Our results are highly variable among individuals, but Malvaceae appears to be the dominant family in all three taxa, accounting for between 11% and 34% of the reads (width of standard error, Fig. 4). Amaranthaceae was the next most prevalent among sheep, accounting for between 12% and 28% of the reads, but only 4-8.5% in goats. Standard error was high among samples, indicating the high level of variability in the diet among individuals. ANOSIMs were non-significant using both proportional (R = -0.026, p = 0.632) and presence/absence data (R = -0.061, p = 0.852). The R values close to zero indicate that the most similar samples were found both within-groups and among-groups.

Figure 4.

Proportion of reads of each plant family in the ITS2 data from each taxon, based on matches from GenBank. Error bars represent standard error.

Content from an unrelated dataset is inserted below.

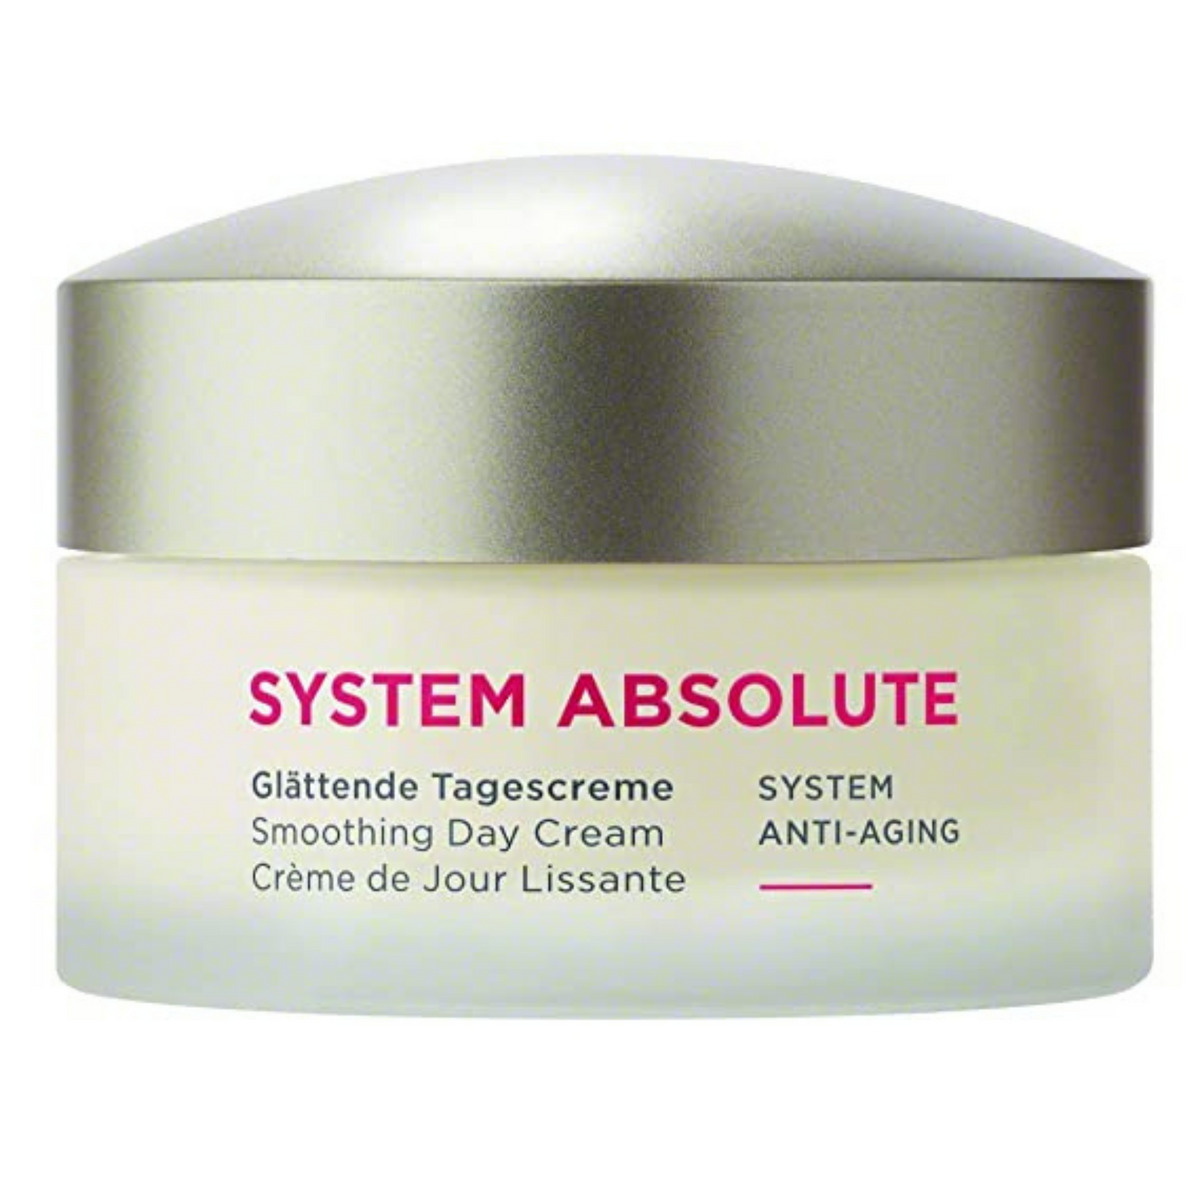 Primary Image of System Absolute Smoothing Day Cream

Decreasing the minimum read depth to 3 increased the number of taxa recovered from the diets of all three study organisms. In the GenBank analysis at a minimum read depth of 3, the sheep have 18 species in common, 12 unique to Merinos and 15 unique to Dorpers; in the BOLD analysis at a read depth of 3, the sheep have 20 species in common, 6 unique to Merinos and 15 unique to Dorpers (Suppl. materials 12, 13, 14, 15). These analyses were similar to the 10 minimum read depth analysis, in that Dorpers exhibited the greatest diet diversity, followed by Merinos and then goats.